* [Task instructions]: Transcribe the listing below in full, exactly, with no images.

* [Input for this task]:
++++

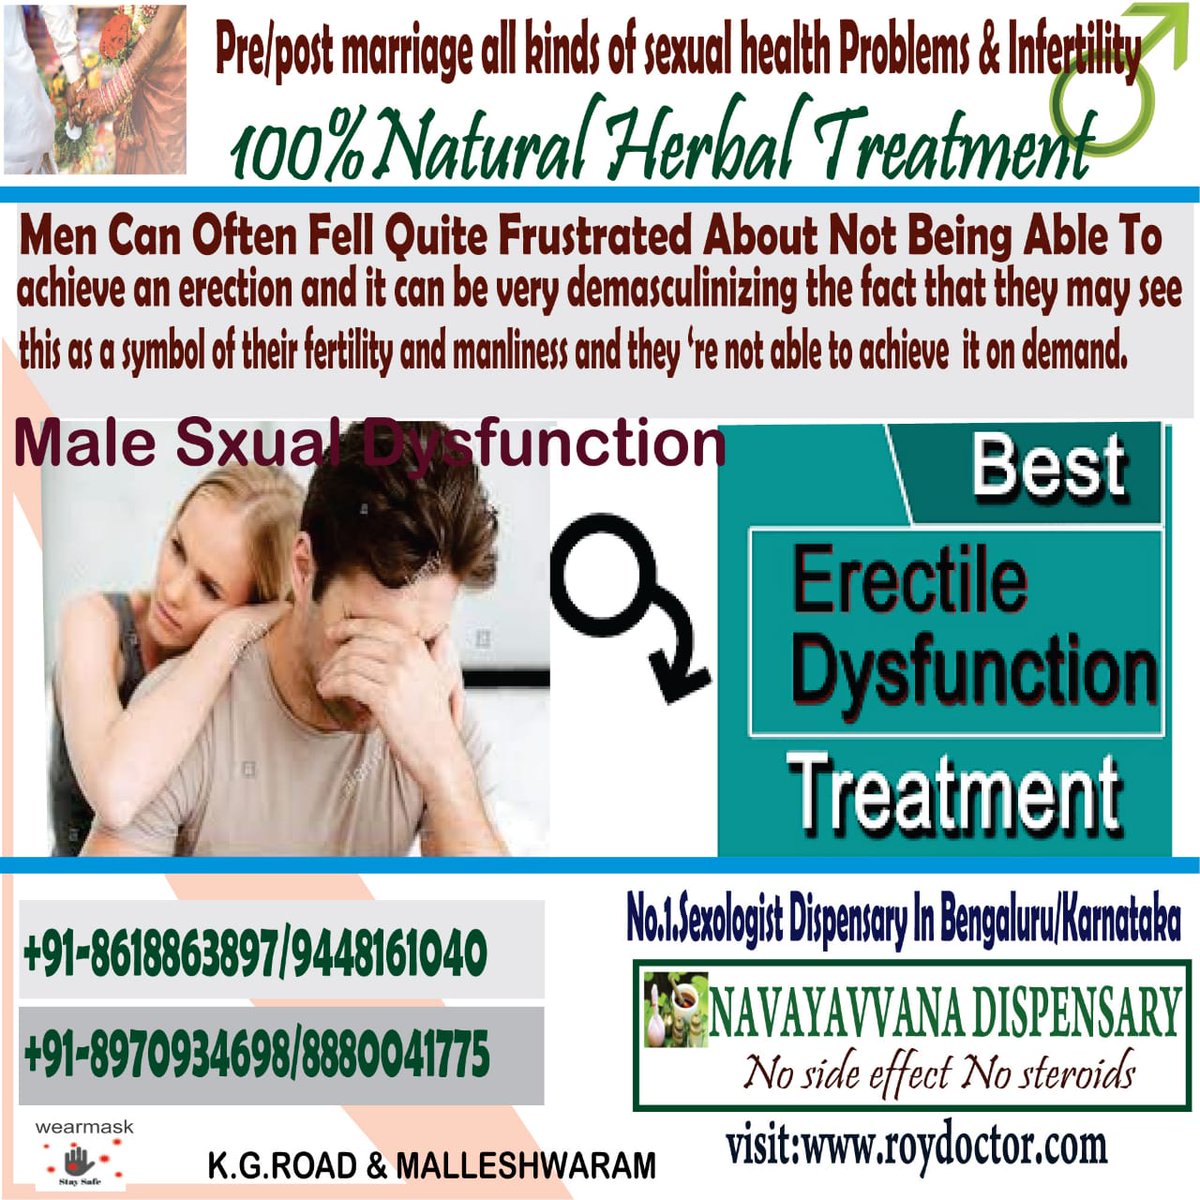 #karnataka
#best#navayavvana 
#sexologist 
Dispensary
#bengaluru
#herbal
#treatment
#erectileproblem
#weak erection
#erectile dysfunction
#male sxual health problem
#good results
roydoctor.com

++++

* [Exercise solution]:
 #karnataka
#best#navayavvana 
#sexologist 
Dispensary
#bengaluru
#herbal
#treatment
#erectileproblem
#weak erection
#erectile dysfunction
#male sxual health problem
#good results
roydoctor.com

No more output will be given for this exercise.